Fluid dynamics and Bernoulli's equation
This inverse relationship between the pressure and speed at a point in a fluid is Bernoulli's equation relates the pressure, speed, and height of any two points. The Bernoulli Equation can be considered to be a statement of the effect" is the lowering of fluid pressure in regions where the flow velocity is increased. . with spin will curve because one side of the ball will experience a reduced pressure. In fluid dynamics, Bernoulli's principle states that an increase in the speed of a fluid occurs Although Bernoulli deduced that pressure decreases when the flow speed increases, it was Leonhard Euler who derived Bernoulli's . The above equations use a linear relationship between flow speed squared and pressure.
It might be conceptually simplest to think of Bernoulli's principle as the fact that a fluid flowing from a high pressure region to a low pressure region will accelerate due to the net force along the direction of motion.
The idea that regions where the fluid is moving fast will have lower pressure can seem strange.
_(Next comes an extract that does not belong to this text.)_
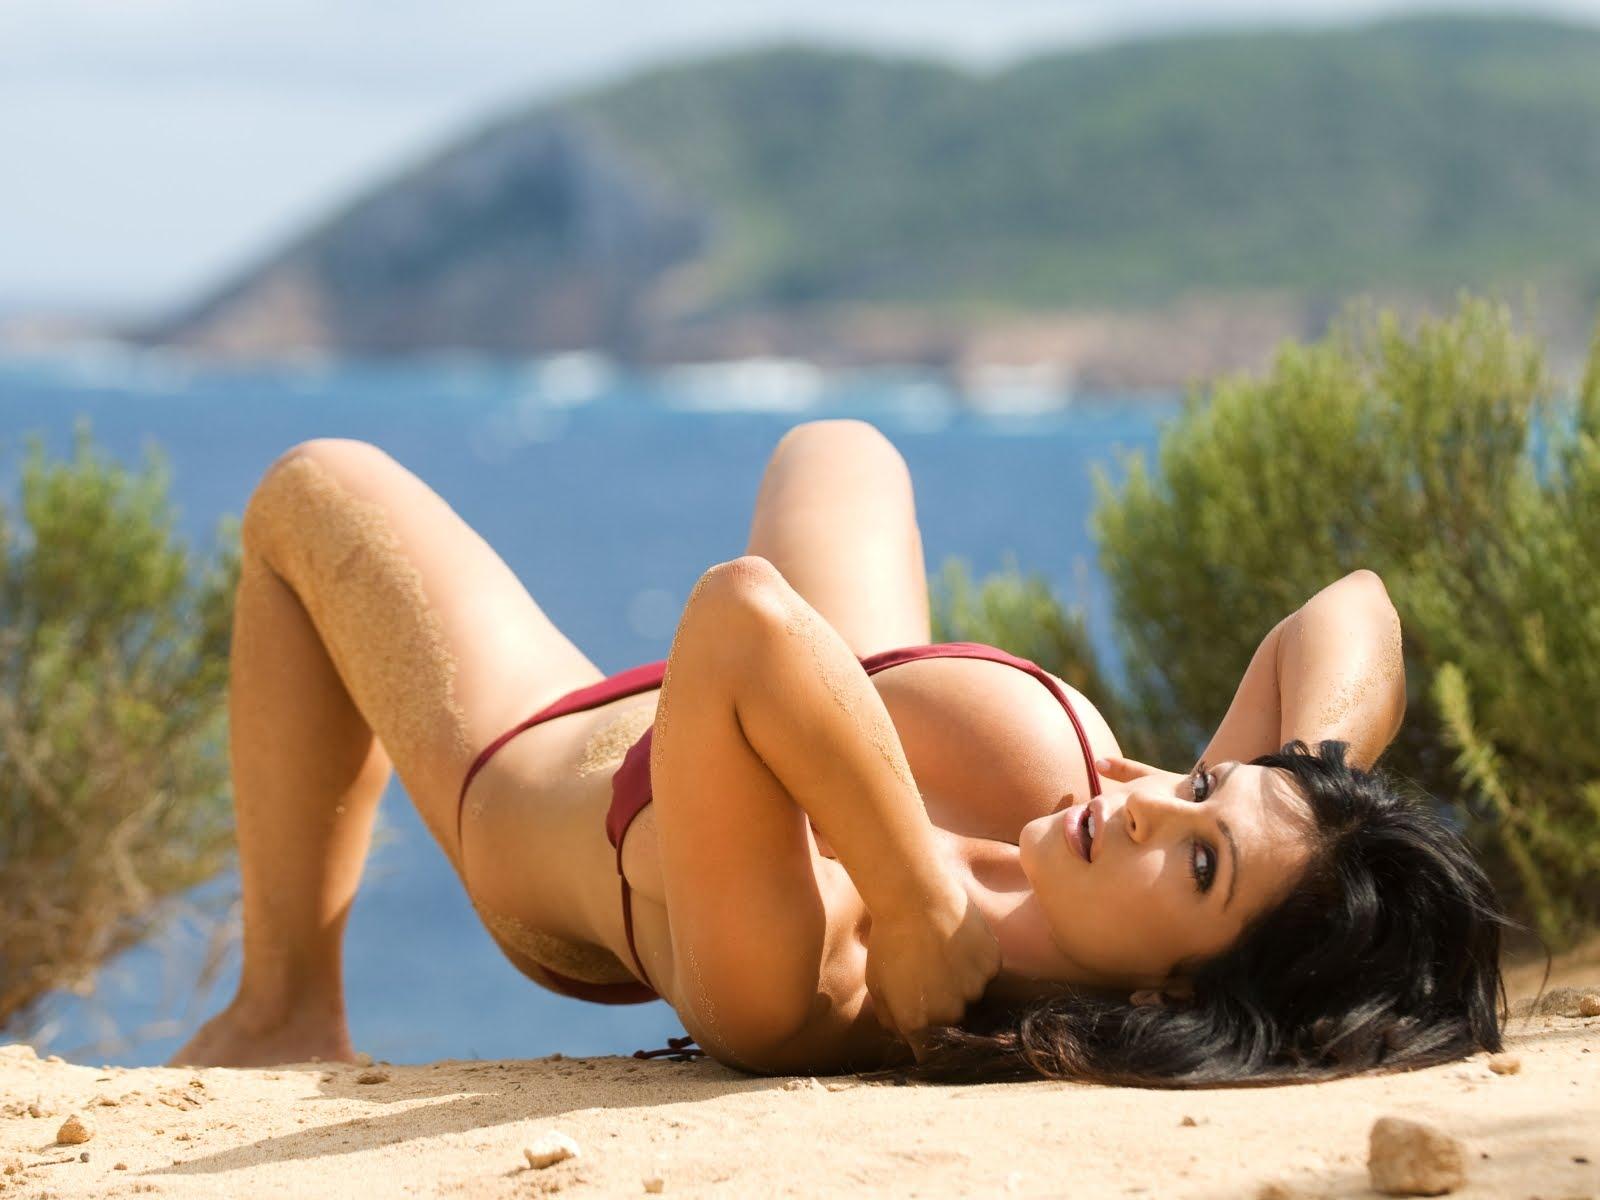 Preview: Red Hot Bikini Wallpaper

Surely, a fast moving fluid that strikes you must apply more pressure to your body than a slow moving fluid, right? Yes, that is right. But we're talking about two different pressures now. The pressure that Bernoulli's principle is referring to is the internal fluid pressure that would be exerted in all directions during the flow, including on the sides of the pipe.
This is different from the pressure a fluid will exert on you if you get in the way of it and stop its motion.
I still don't get the difference. Imagine firefighters are spraying a building with steady streamline water from a firehose. The pressure that exists inside the stream of water pushing outward against air pressure as it flies toward the building is different from the pressure caused when the water strikes the building and changes momentum due to a collision.
Example 1 A table tennis ball placed in a vertical air jet becomes suspended in the jet, and it is very stable to small perturbations in any direction. Push the ball down, and it springs back to its equilibrium position; push it sideways, and it rapidly returns to its original position in the center of the jet. In the vertical direction, the weight of the ball is balanced by a force due to pressure differences: To understand the balance of forces in the horizontal direction, you need to know that the jet has its maximum velocity in the center, and the velocity of the jet decreases towards its edges.
The ball position is stable because if the ball moves sideways, its outer side moves into a region of lower velocity and higher pressure, whereas its inner side moves closer to the center where the velocity is higher and the pressure is lower.
fluid dynamics - Relation between pressure, velocity and area - Physics Stack Exchange
The differences in pressure tend to move the ball back towards the center. Example 3 Suppose a ball is spinning clockwise as it travels through the air from left to right The forces acting on the spinning ball would be the same if it was placed in a stream of air moving from right to left, as shown in figure Spinning ball in an airflow.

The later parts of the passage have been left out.